対岸へ飲食物を運ぶ「PD6B-Type3」

② 河川巡視
 岩淵水門・低水護岸の河川巡視を想定し、ドローンの自律飛行により巡視に必要な画像データの取得を行った。各種データの送受信にもモバイル通信を使用した。使用機体はDJI製「Matrice 300 RTK」。

荒川下流河川事務所屋上から離陸し河川巡視を行う「Matrice 300 RTK」

2. 遠隔オペレーションの実用性・有効性の検証

 荒川下流河川事務所の災害対策室をオペレーションルームに見立て、運航管理システムを通して、機体の飛行位置、状態、電波状況、GPS精度、気象情報や、機体に搭載されているカメラからのリアルタイム映像を確認しながら、遠隔操作によるドローンの運航を行った。

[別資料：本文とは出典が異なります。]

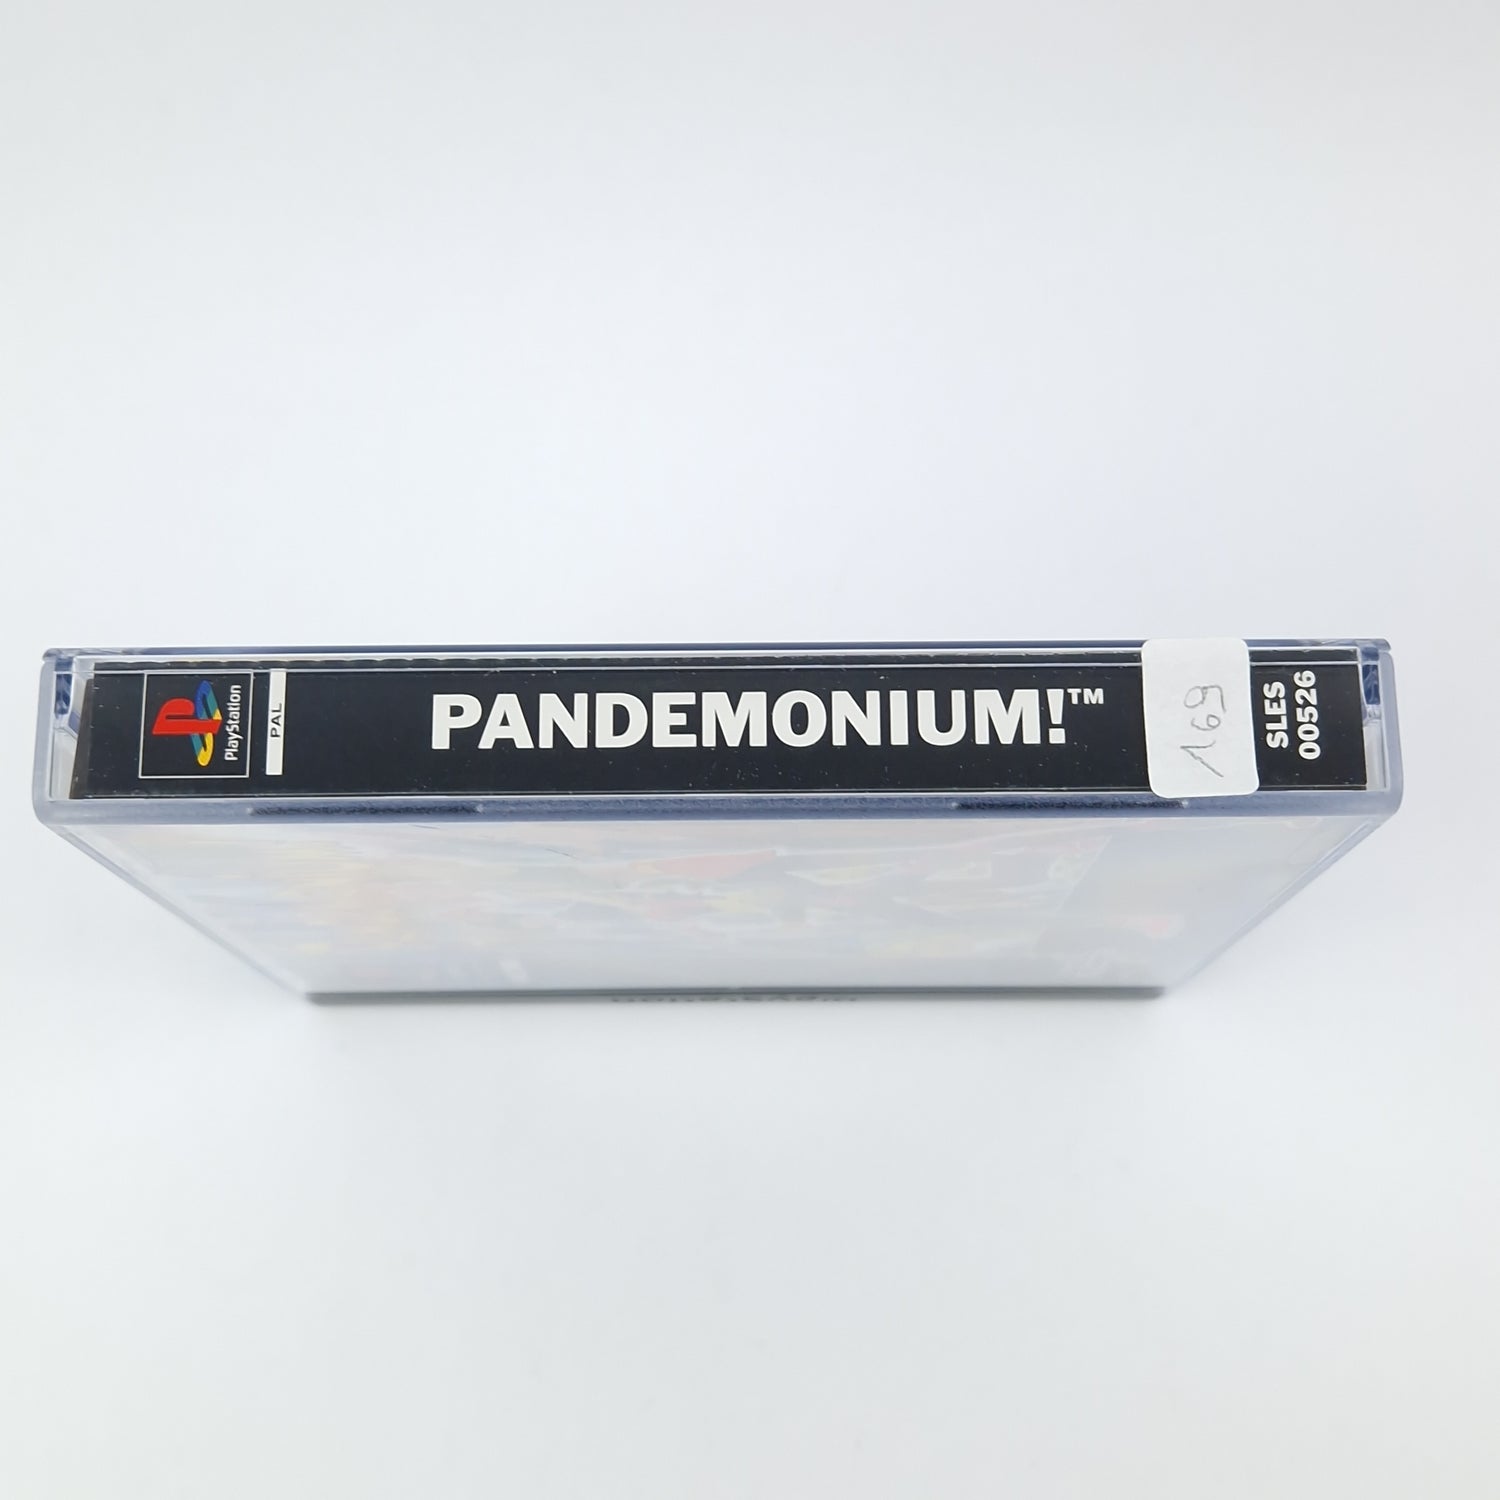 Playstation 1 Spiel : Pandemonium ! - CD Anleitung OVP | SONY PS1 PSX PAL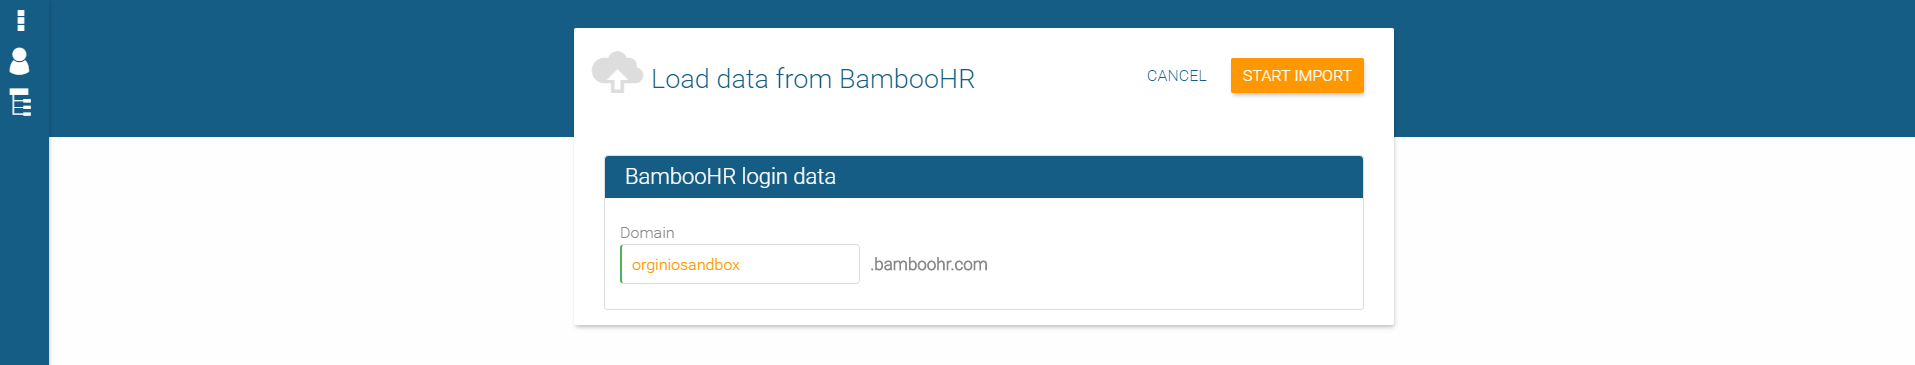 Upload data from BambooHR to orginio

運航管理システムの画面。機体の飛行位置や河川巡視に必要な情報などを、機体搭載カメラからのリアルタイム映像で確認しながら遠隔操作によるドローンの運航を実施した。

使用機体

① フードデリバリー
・プロドローン製「PD6B-Type3」

 最大ペイロード30kgの大型機で、高い安定性と可搬性を両立させた産業用プラットフォーム。レーザー測量機や物資輸送機として使用されている現行のPD6B-Type2をさらに進化させた。目視外自律飛行に対応し、今後のレベル3(無人地帯における補助者なし目視外飛行)、レベル4前提社会に対応する機体構成となっている。
  今回の実証では、フードデリバリーにおいて荒川を渡り飲食物を対岸へ輸送した。

② 河川巡視
・DJI製「Matrice 300 RTK」

 最新の航空技術から着想を得て設計された産業用ドローン。安定した飛行性能と30倍ズームカメラ、360度衝突回避センサーなどの空撮機能を備え、点検や監視での利用に活用される。
 今回の実証では、河川巡視において、岩淵水門・低水護岸の空撮を行った。

飛行ルート

① フードデリバリー
 足立区都市農業公園前の荒川高水敷から荒川岩淵関緑地バーベキュー場まで、高度約50~100mで運航。

② 河川巡視
 荒川下流河川事務所屋上から高度約30mで一帯を運航。

飛行ルート

 同実証により、都市部のドローン物流において、河川上空の活用が有効であること、河川巡視において必要な画像データをドローンの自律飛行によって取得できることを確認した。また、物流用・河川巡視用の2機のドローンを同時に遠隔自律飛行させることで、複数用途のドローンの運航管理を1カ所に集約することの実用性・有効性の検証を行った。

 この結果を踏まえて4者は、将来のドローンの利活用拡大を見据え、河川上空利用ルールの策定を推進していくとしている。